Because I may be moving next year and want to import one bitI dont want to convert it:shy:


----------



## skyline_best (Jun 14, 2007)

Here in uae .. if your car is over 2000 model .. you can only put plate on it even if it is RHD For ONE year only :thumbsup: 

But no one answered me about My Q


----------



## NomeXX (Jun 16, 2006)

skyline_best said:


> HAHA ,, then lowring will be done soon .. pics are coming :thumbsup:
> 
> i have one more q :
> 
> ...


Depends on the power you are looking at.....also, budget:nervous:


----------



## gtr-lover (May 16, 2007)

nice car man


----------



## Demon Dave (Sep 15, 2002)

Hi there,

very nice car :smokin:

To add to what the others have said regarding it's age. It also has orange colored indicators and rubber pedals: two more indicators that the car is an early model R34.  

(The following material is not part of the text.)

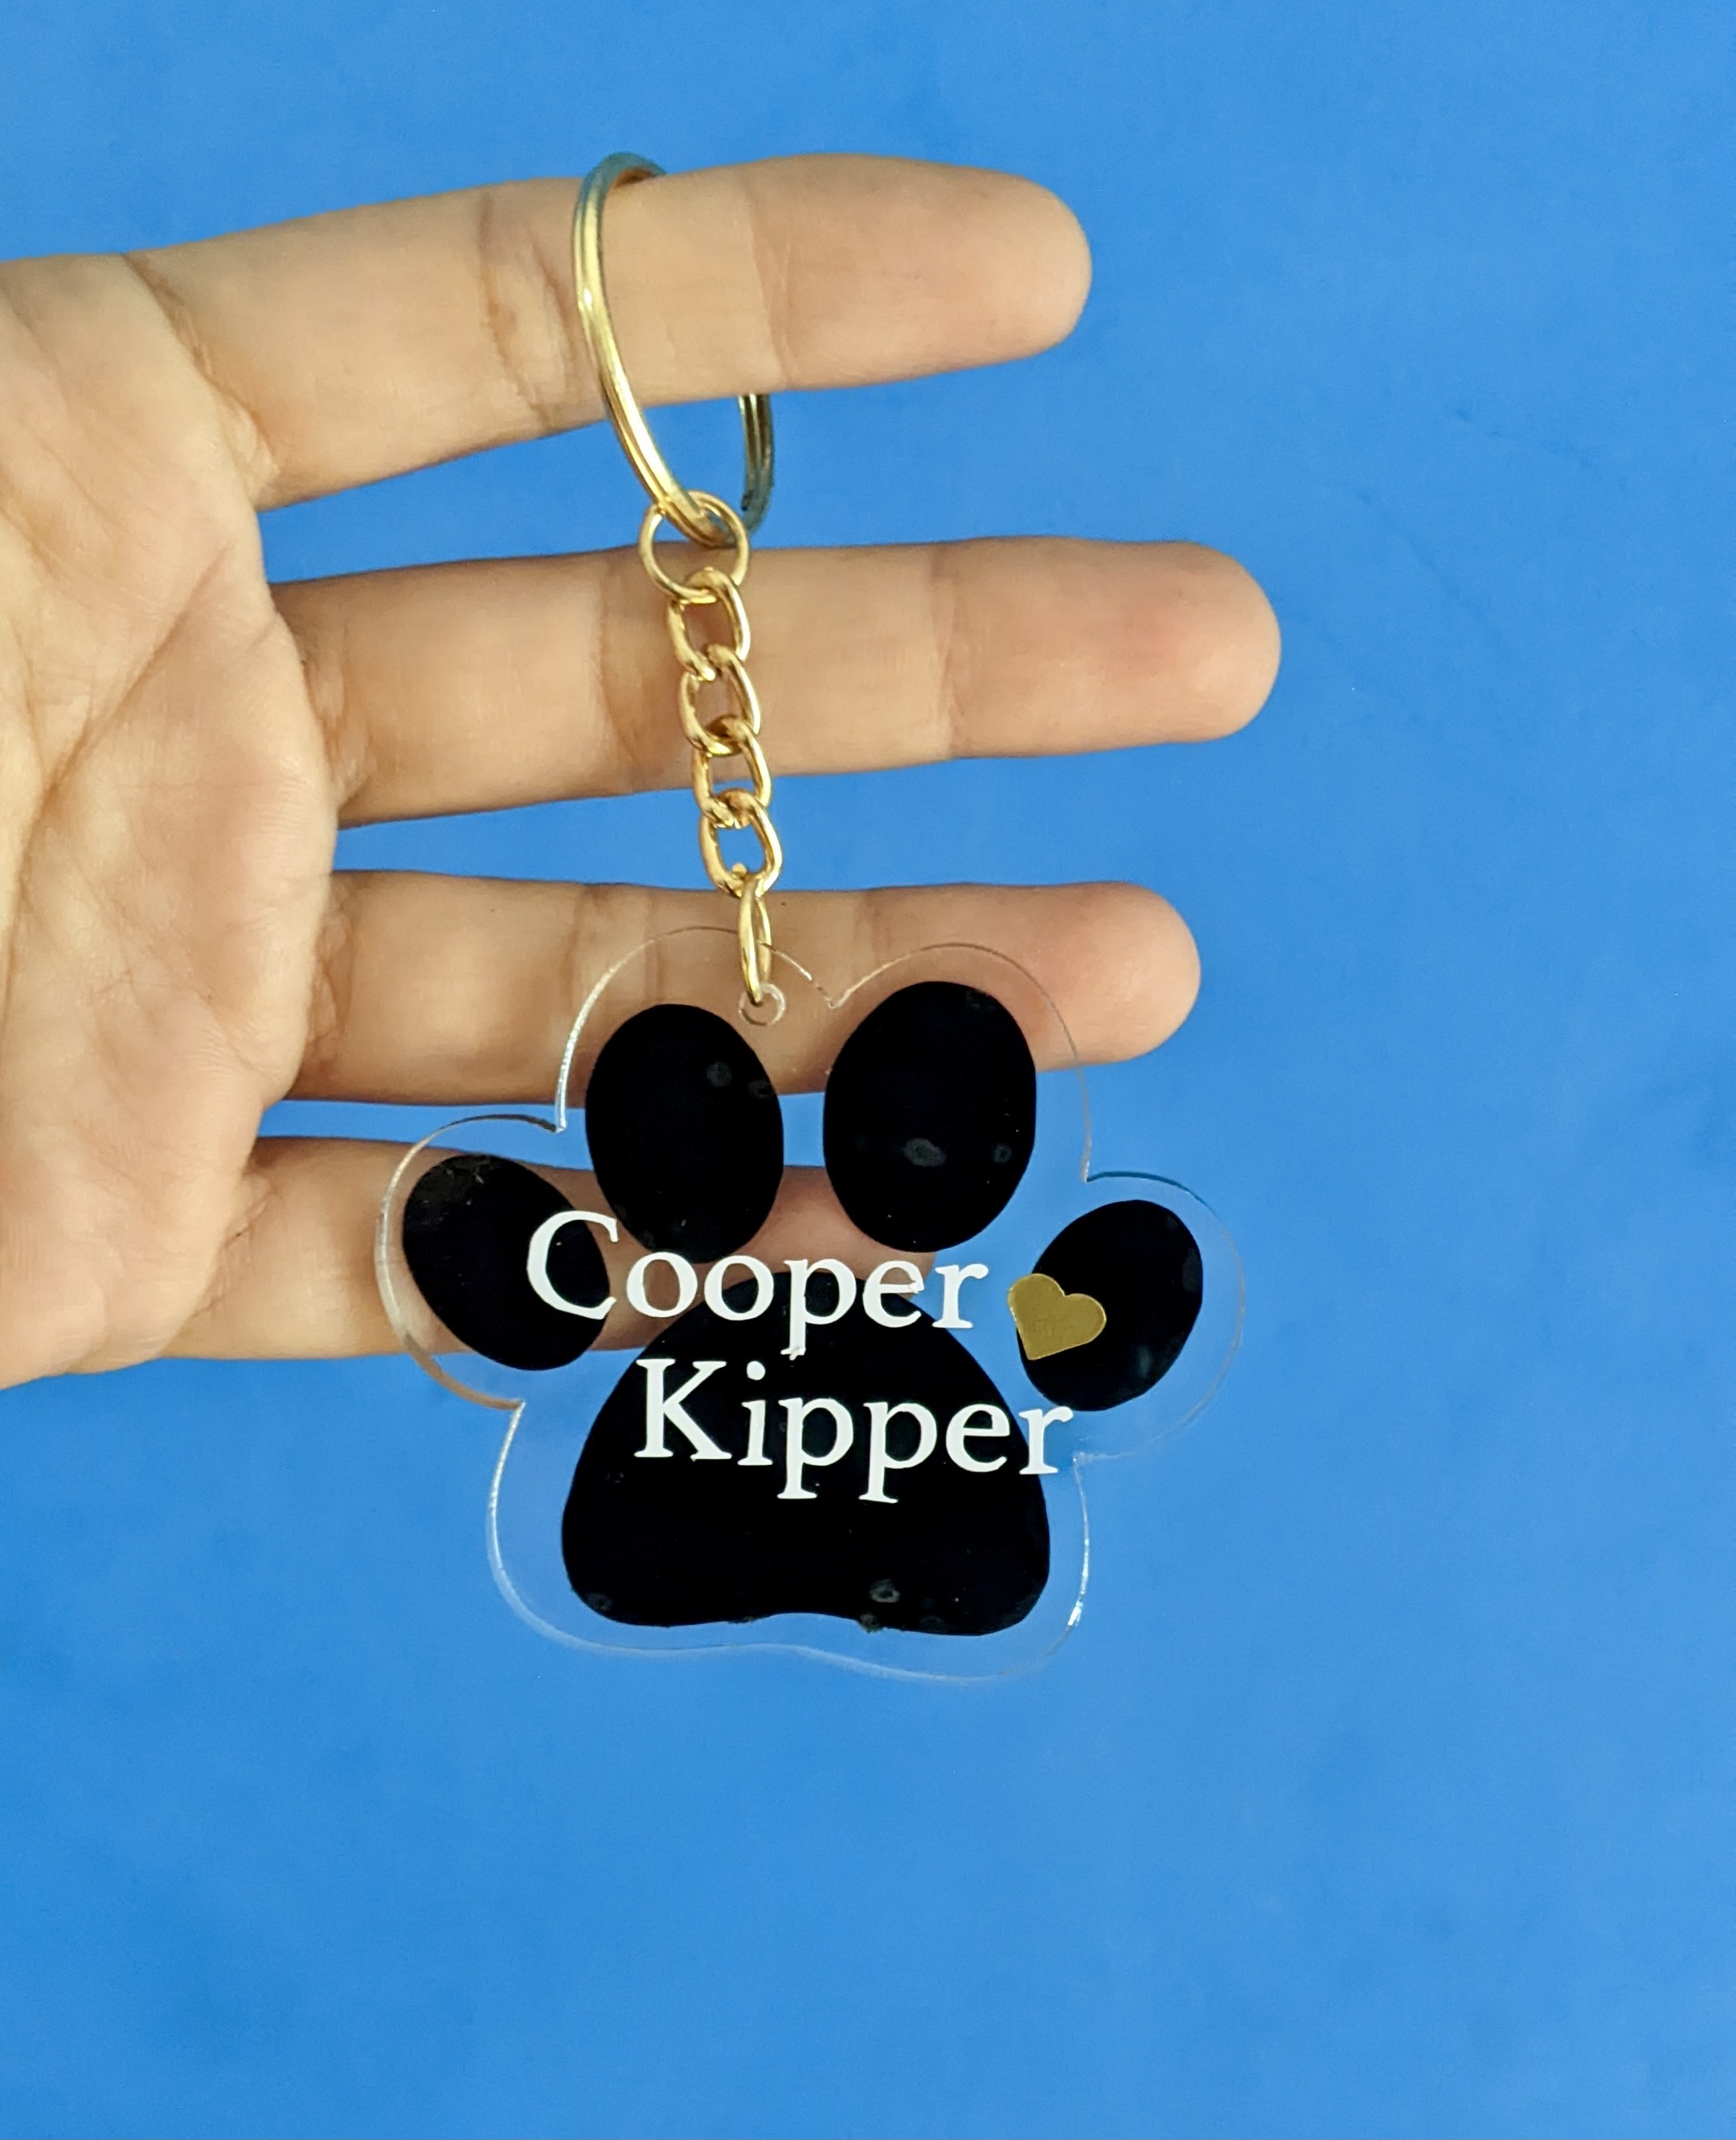 Pet paws and name on the keychain for hanging keys

As for turbo, a lot depends on what you want to use the car for: fast street use, track or drag? Big power or high response?


----------



## skyline_best (Jun 14, 2007)

i need it for street racing .. and about 600+ HP

Around : 10000$

and i really want high response 



Demon Dave said:


> Hi there,
> 
> very nice car :smokin:
> 
> ...


would you please refer to " It also has orange colored indicators and rubber pedals " by editing the pic ?

Thanks Alot


----------



## Demon Dave (Sep 15, 2002)

here's a pic of a late model R34 GTR interior. Notice the different layout for the aircon/CD unit, the darker seat material and the alloy foot pedals.




















Later models also come with clear indicators as standard.












hope that helps


----------



## jamesbilluk (Aug 10, 2006)

car looks really nice mate

james.


----------



## skyline_best (Jun 14, 2007)

now i got it 

thanks very much !!


----------